[Start of section]

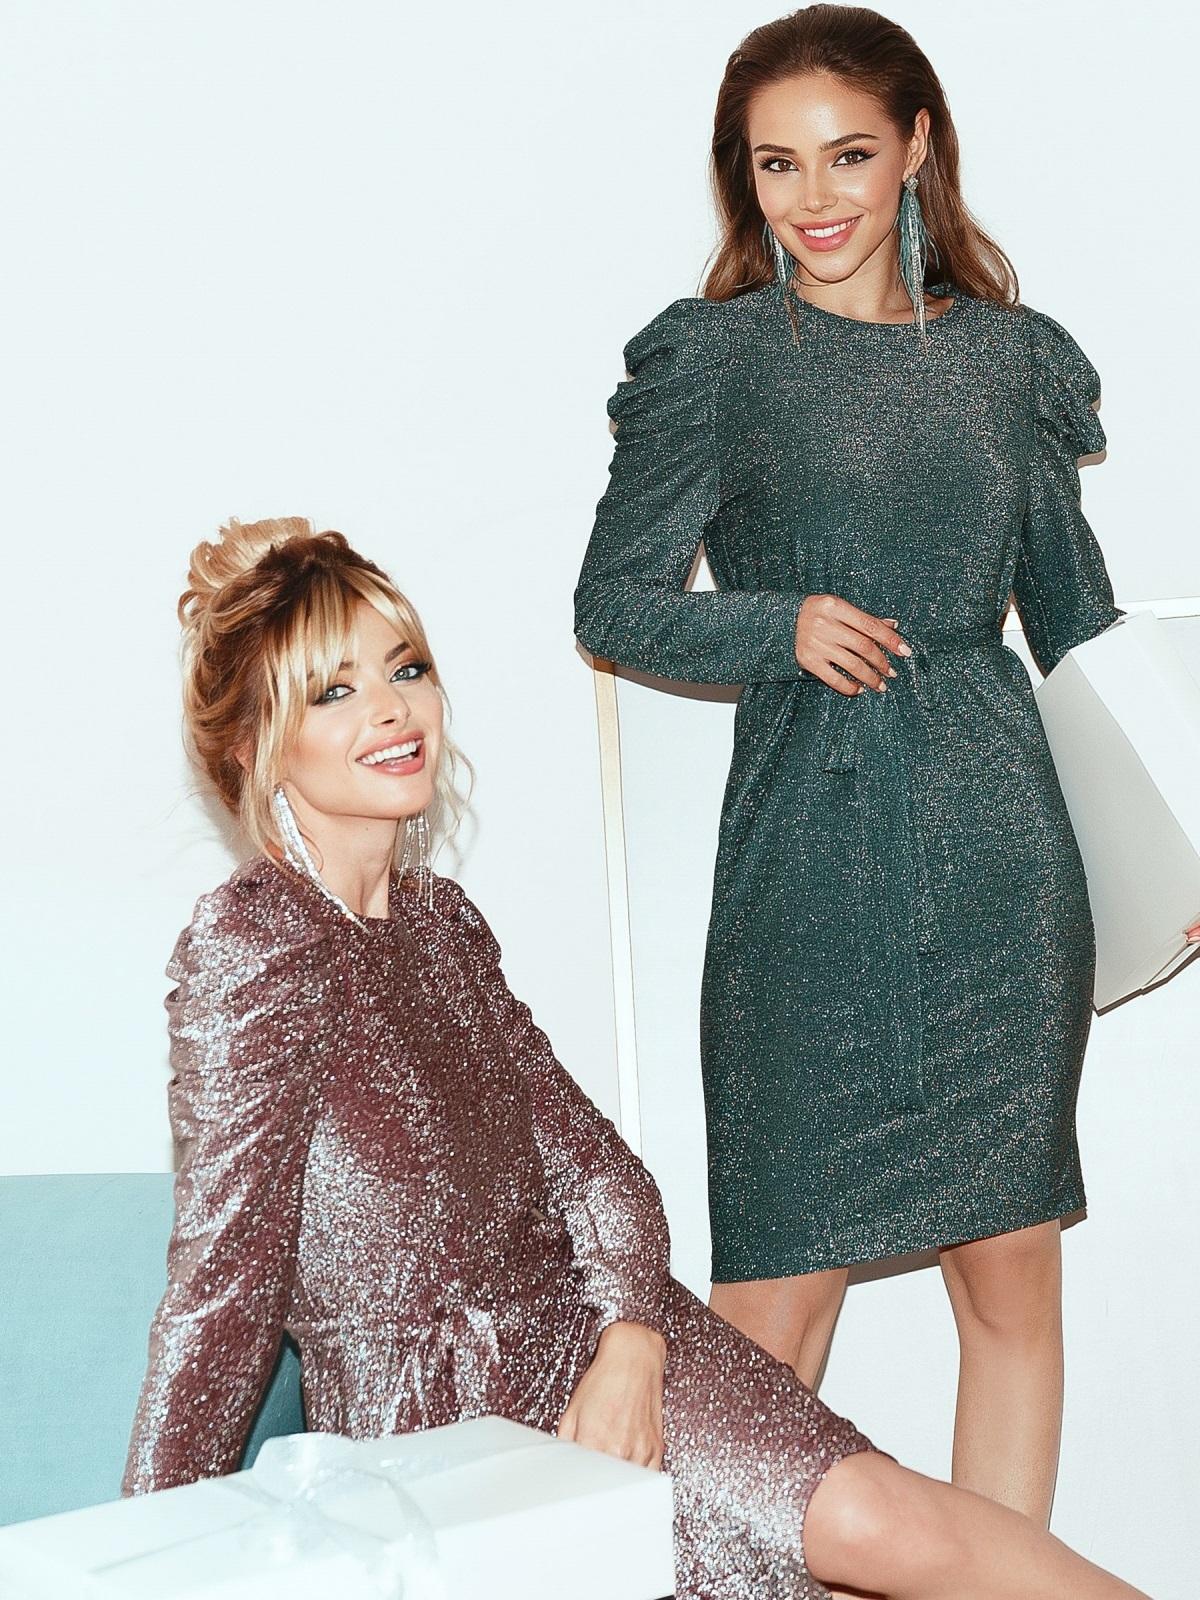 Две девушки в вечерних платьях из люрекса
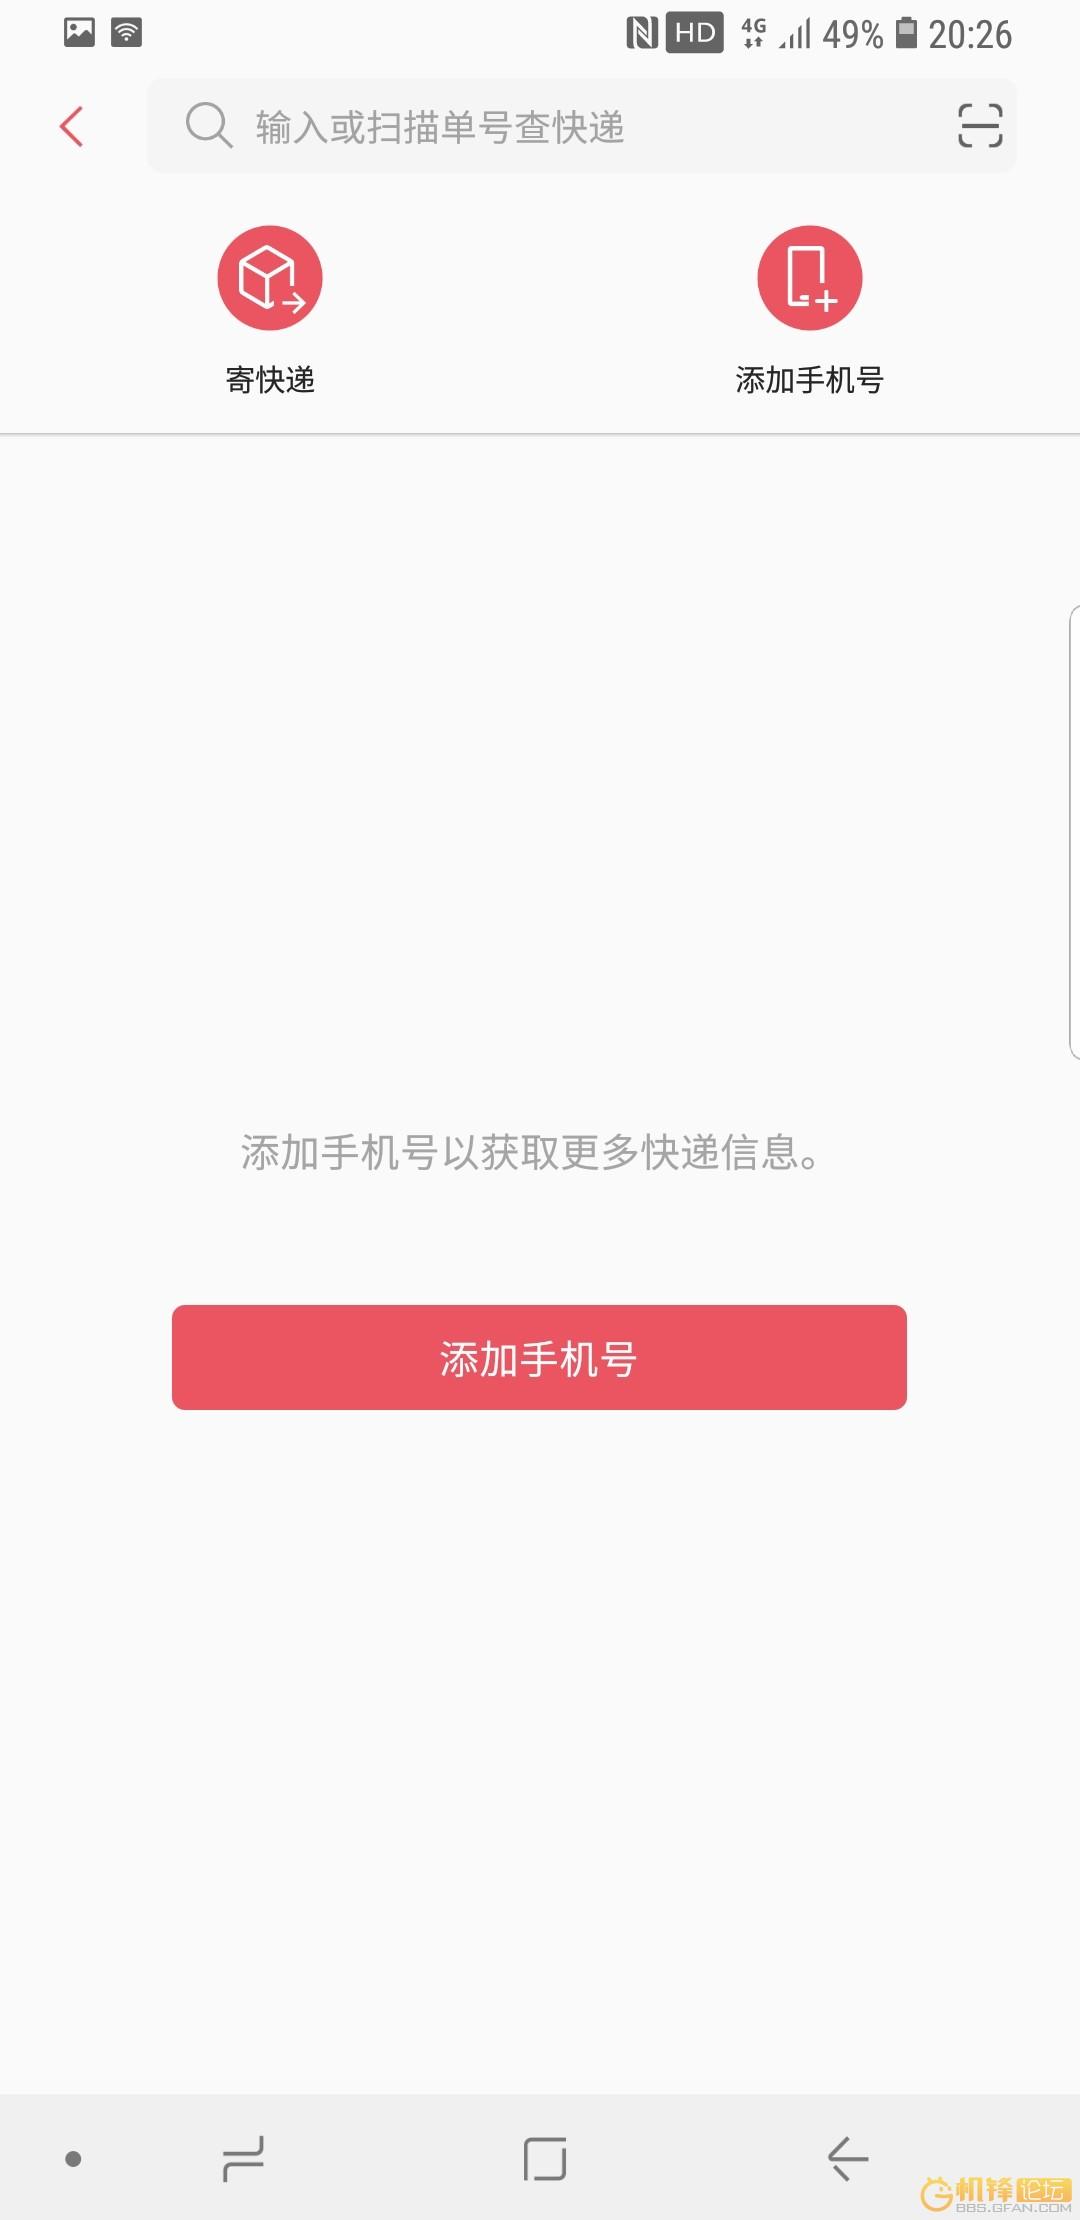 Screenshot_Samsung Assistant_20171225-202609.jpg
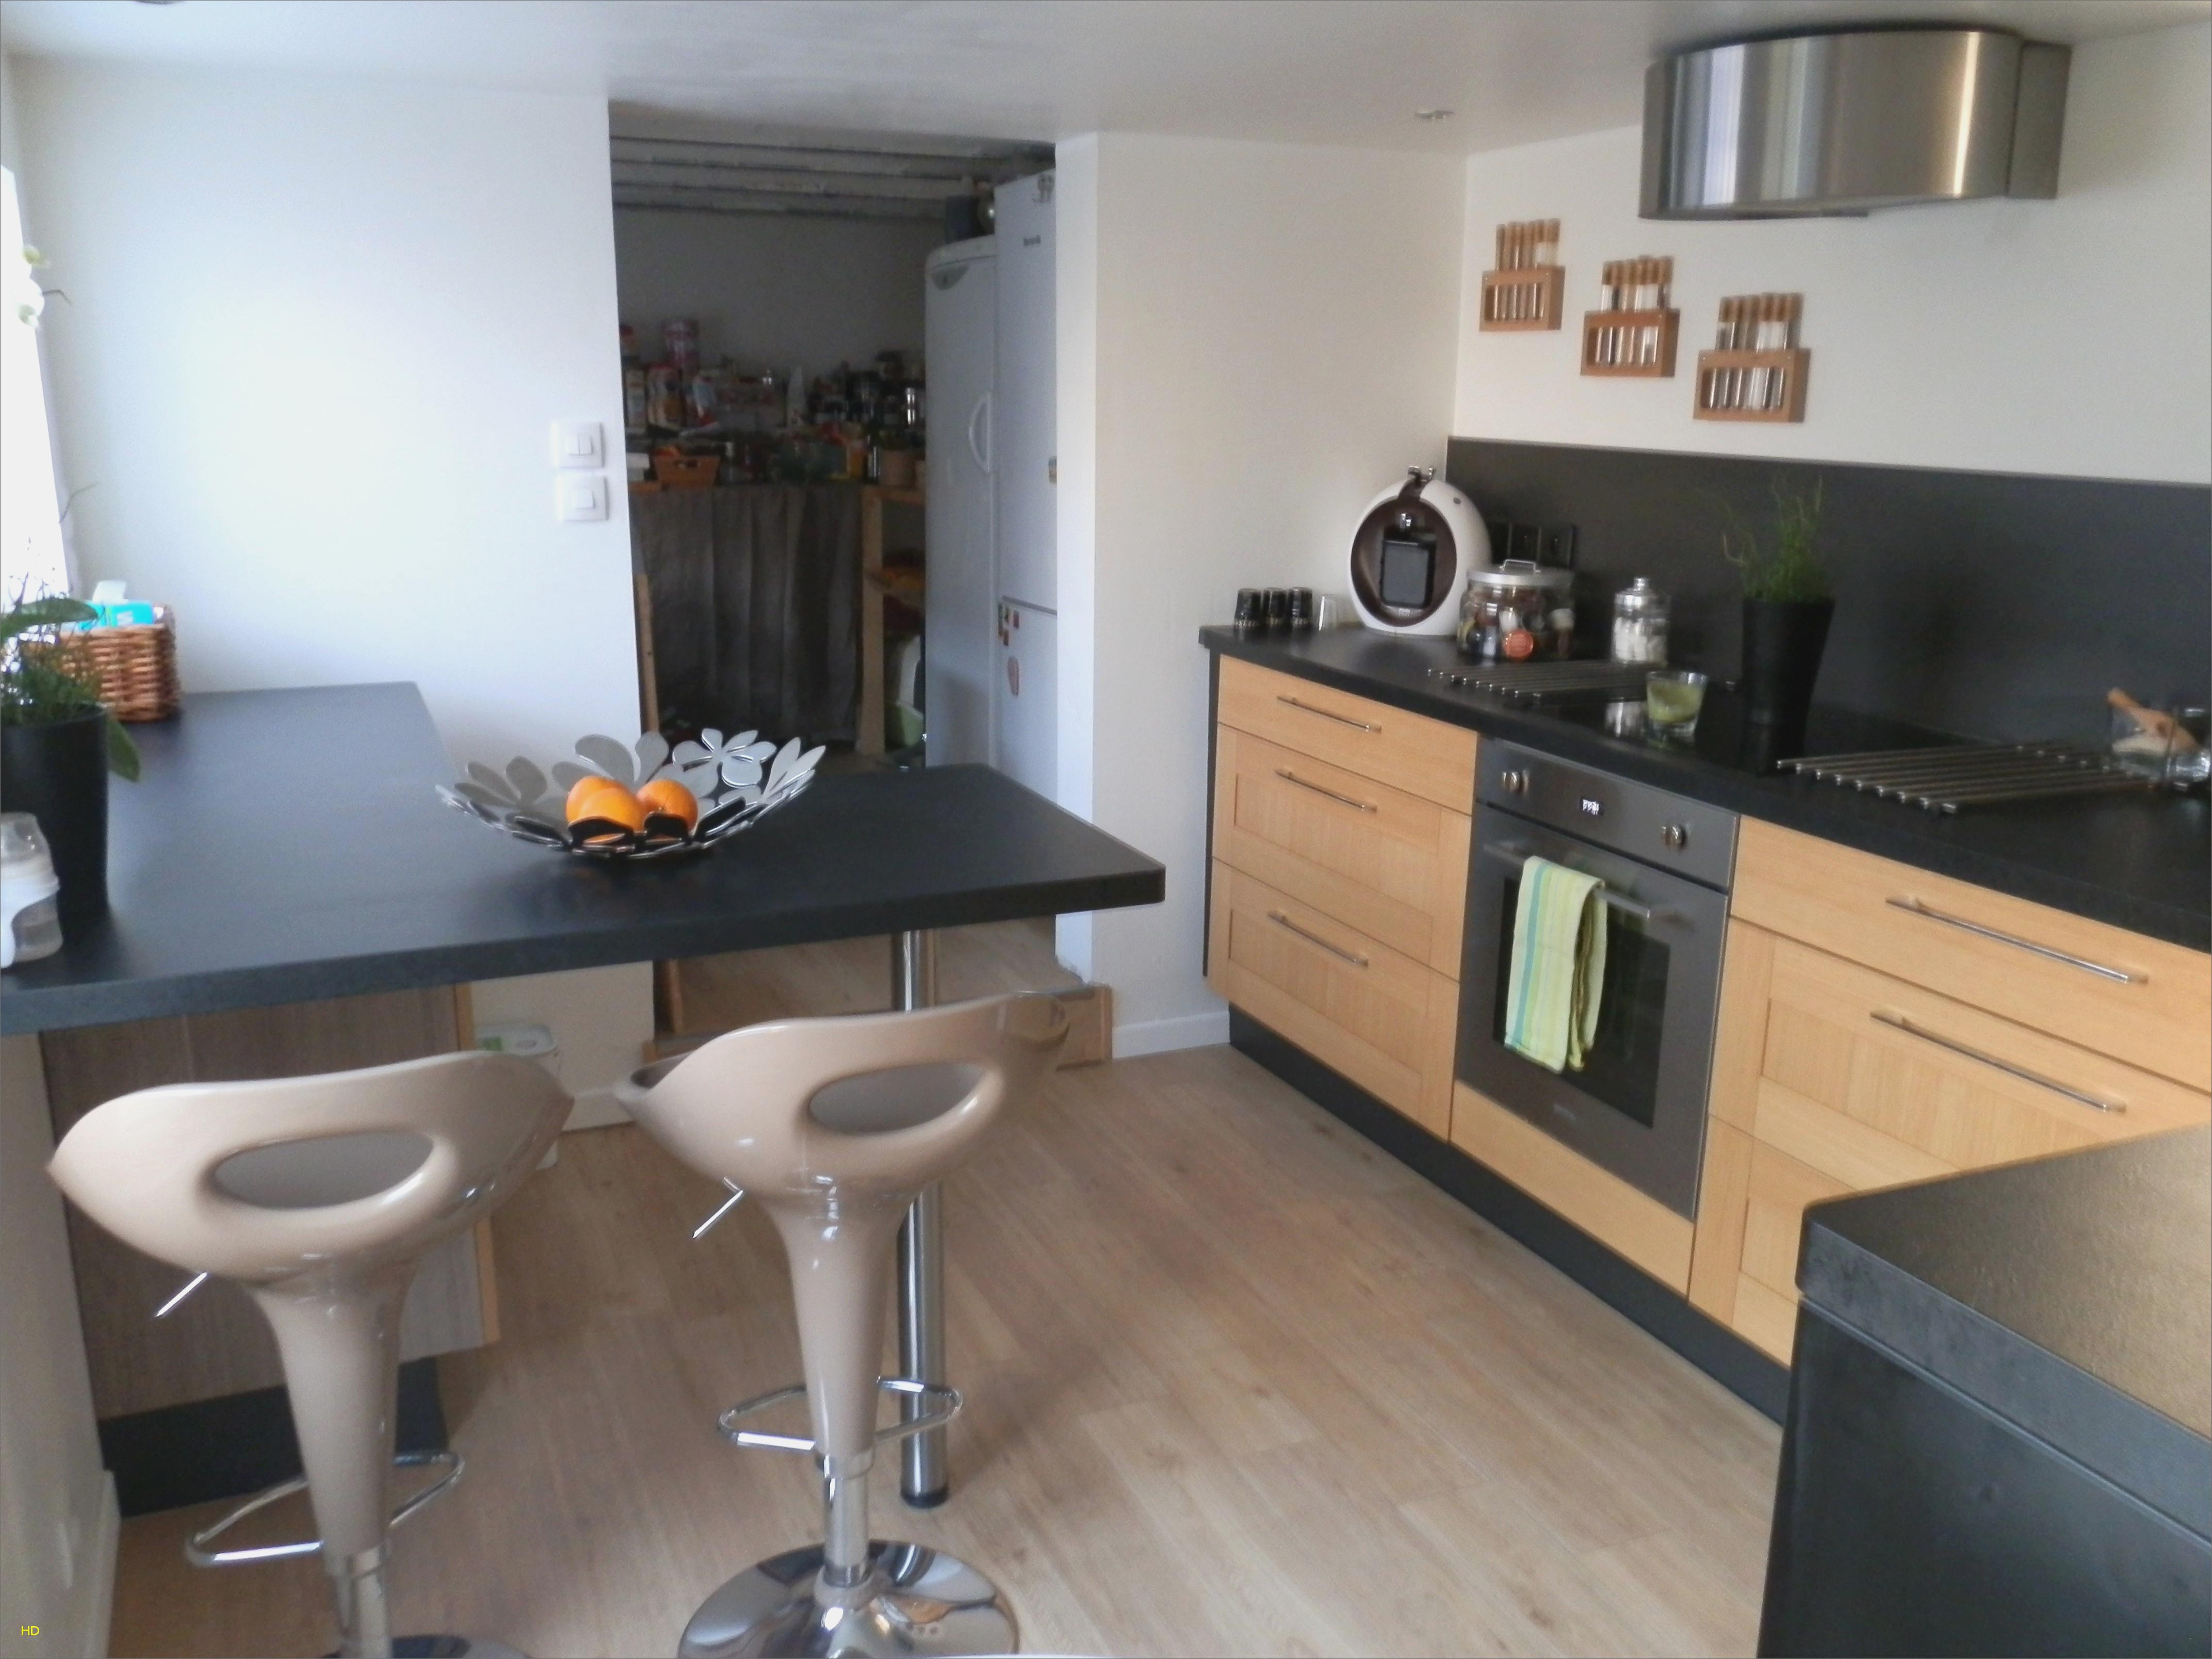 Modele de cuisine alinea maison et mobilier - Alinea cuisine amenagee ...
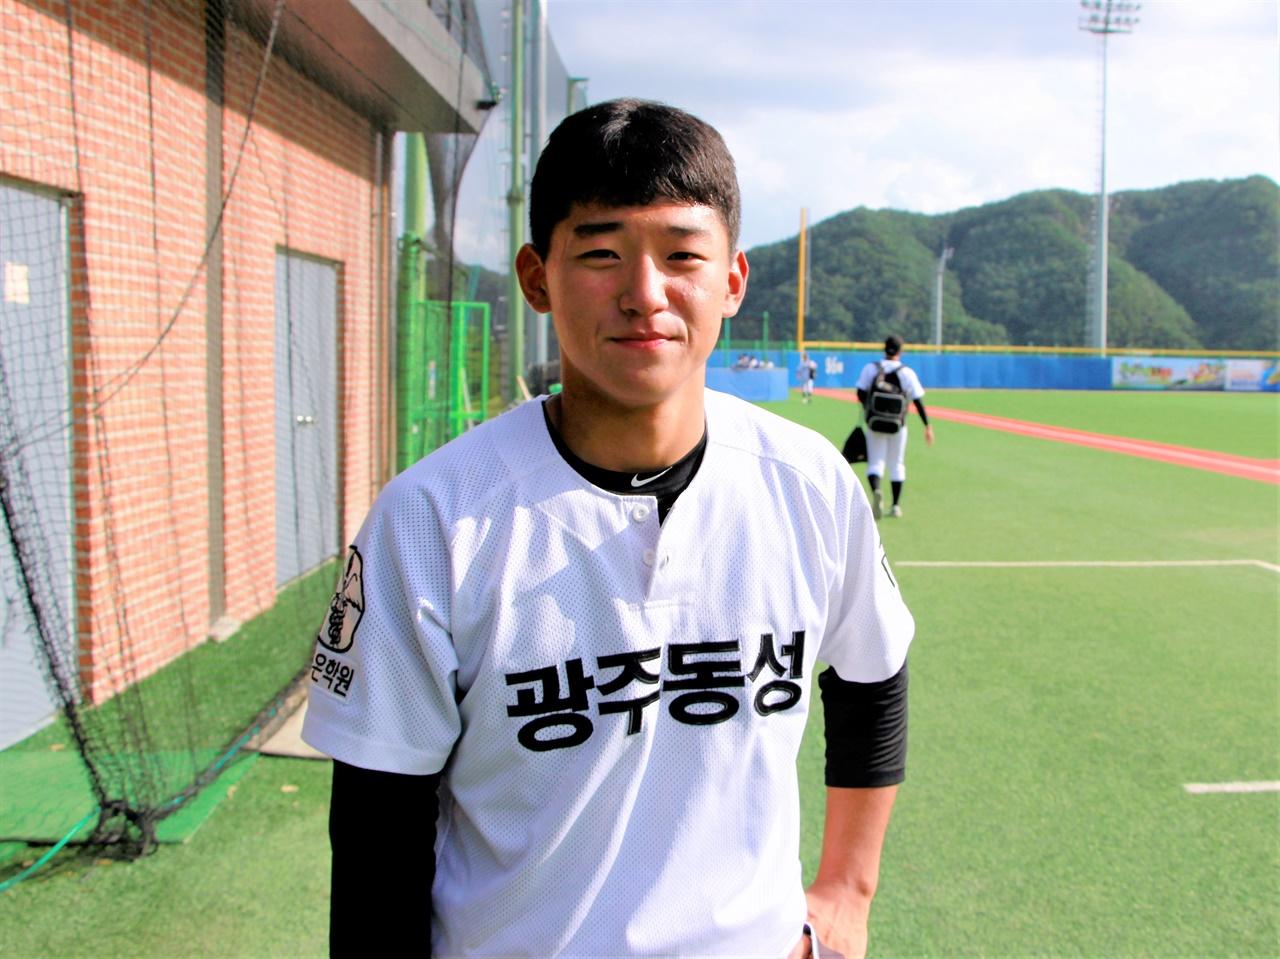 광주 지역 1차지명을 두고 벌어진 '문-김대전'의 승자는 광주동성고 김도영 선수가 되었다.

[End of section]

▶ Task requirements
None of the pictures should appear; copy the rest of the material above exactly.

▶ Output of the task
 Две девушки в вечерних платьях из люрекса
 Screenshot_Samsung Assistant_20171225-202609.jpg
 Modele de cuisine alinea maison et mobilier - Alinea cuisine amenagee ...
 광주 지역 1차지명을 두고 벌어진 '문-김대전'의 승자는 광주동성고 김도영 선수가 되었다.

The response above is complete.